Another company with placement in the film was Stetson hats.
Urban Cowboy (1980) and the earlier John Travolta super hit Saturday Night Fever (1977) have several things in common: they're both based on magazine articles about an urban nightlife phenomenon, in this case the two-steppin', mechanical-bull-ridin' megaclubs of Texas rather than the discos of New York's outer boroughs; they both featured Travolta as a callow young man whose experiences bring him to question his "club kid" pose.
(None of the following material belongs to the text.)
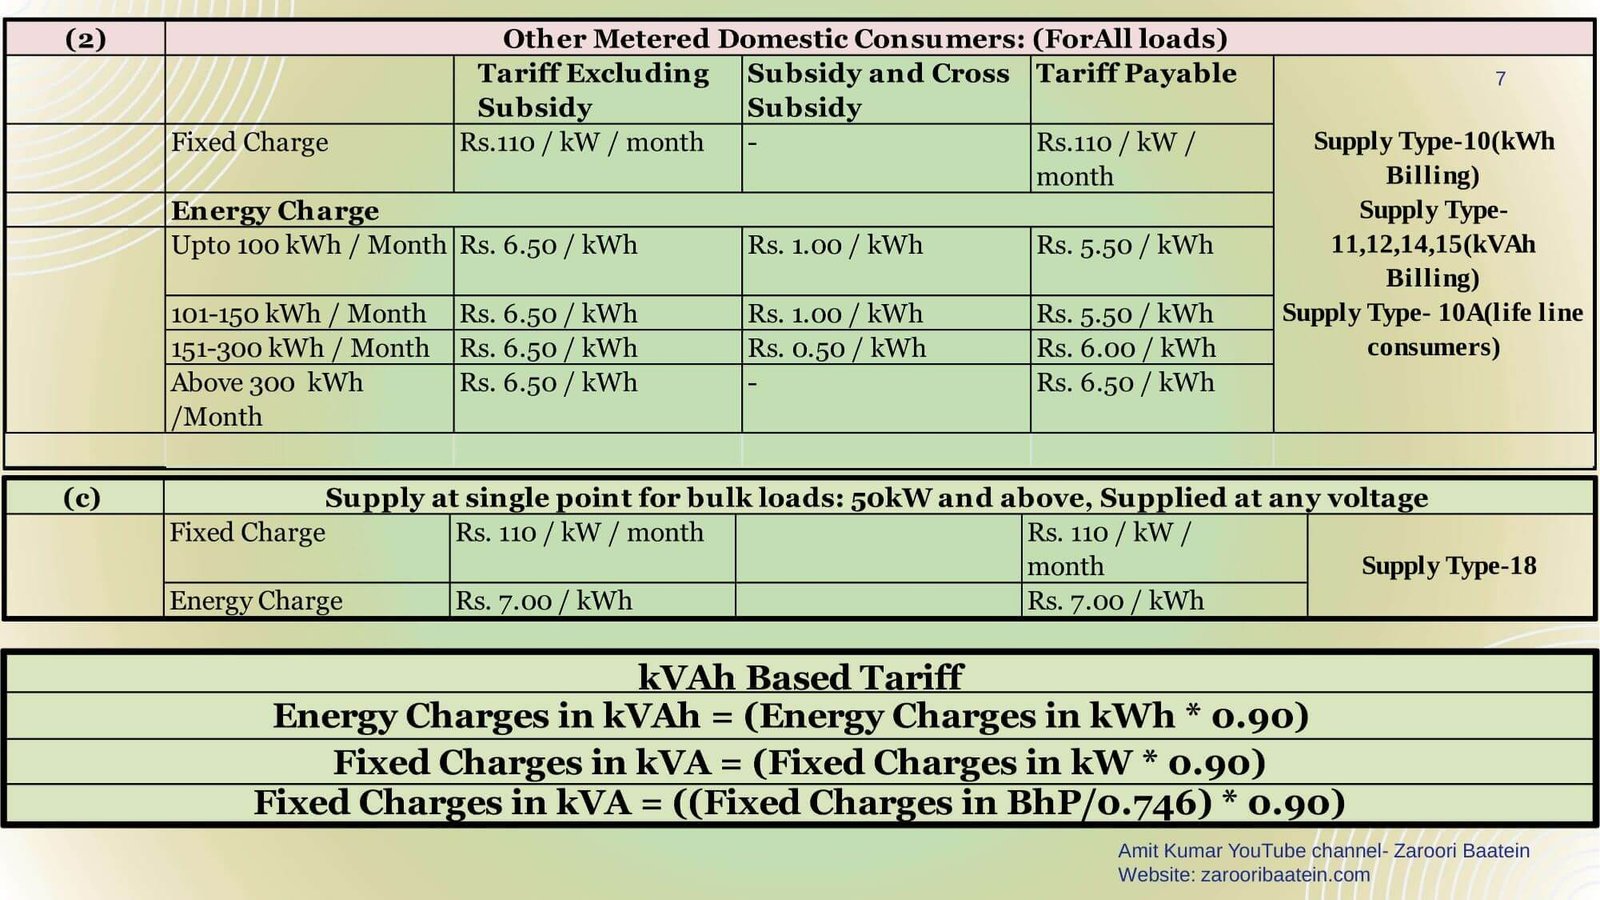 Unit Rate of Supply Type 10, 11, 12,14,15,18  and kVAh billing formula
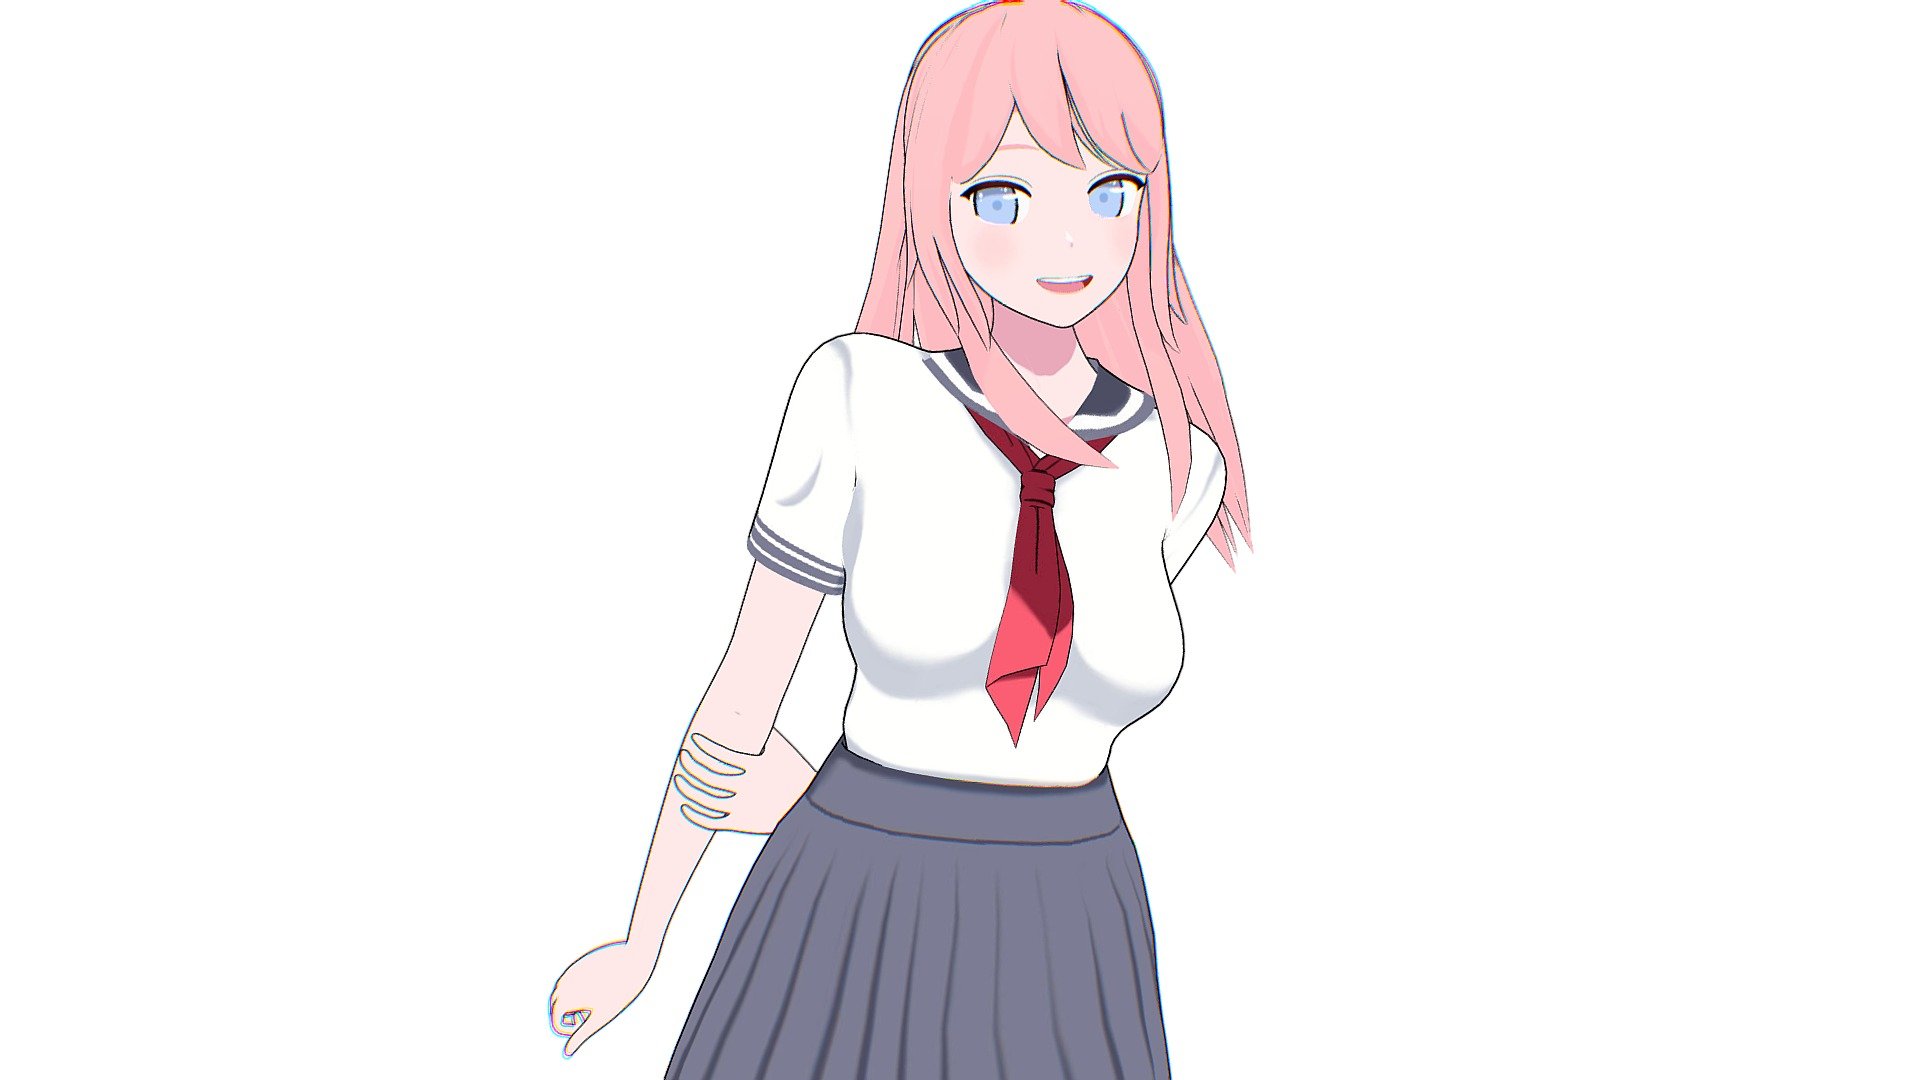 &ldquo;I am a cheerful and energetic anime girl with a positive personality and a smile always on my face. I love making new friends and I am always willing to help those in need.

Although Urban Cowboy did not receive the critical acclaim or achieve the box office success of its predecessor, it did spawn a brief national music, dance and fashion craze that, like the earlier film, ranged farther than its regional roots (even to the point of having mechanical bulls turn up in bars in Belgium, Sweden, South Africa and on a US Navy aircraft carrier).
What was different this time around was its star. John Travolta had experienced a phenomenal rise from the TV show Welcome Back, Kotter to an Academy Award nomination for Saturday Night Fever to the blockbuster success of the musical Grease (1978). Then, like so many others whose career trajectory has been meteoric, the young star felt the backlash of critics and columnists after the box office bomb, Moment by Moment (1978). In it, he played a sensitive young stud with the ludicrous name "Strip Harrison," who gives pleasure to a bored SoCal housewife played by Lily Tomlin. Suddenly, the 24-year-old was being portrayed as a has-been, and he told one interviewer it was as if he woke up every morning to a world where everything, dreams and reality, had been reversed. "I would be going along just fine," he said. "Then I'd see an article about me or hear something bad on the radio, and then I'd be brought back down again."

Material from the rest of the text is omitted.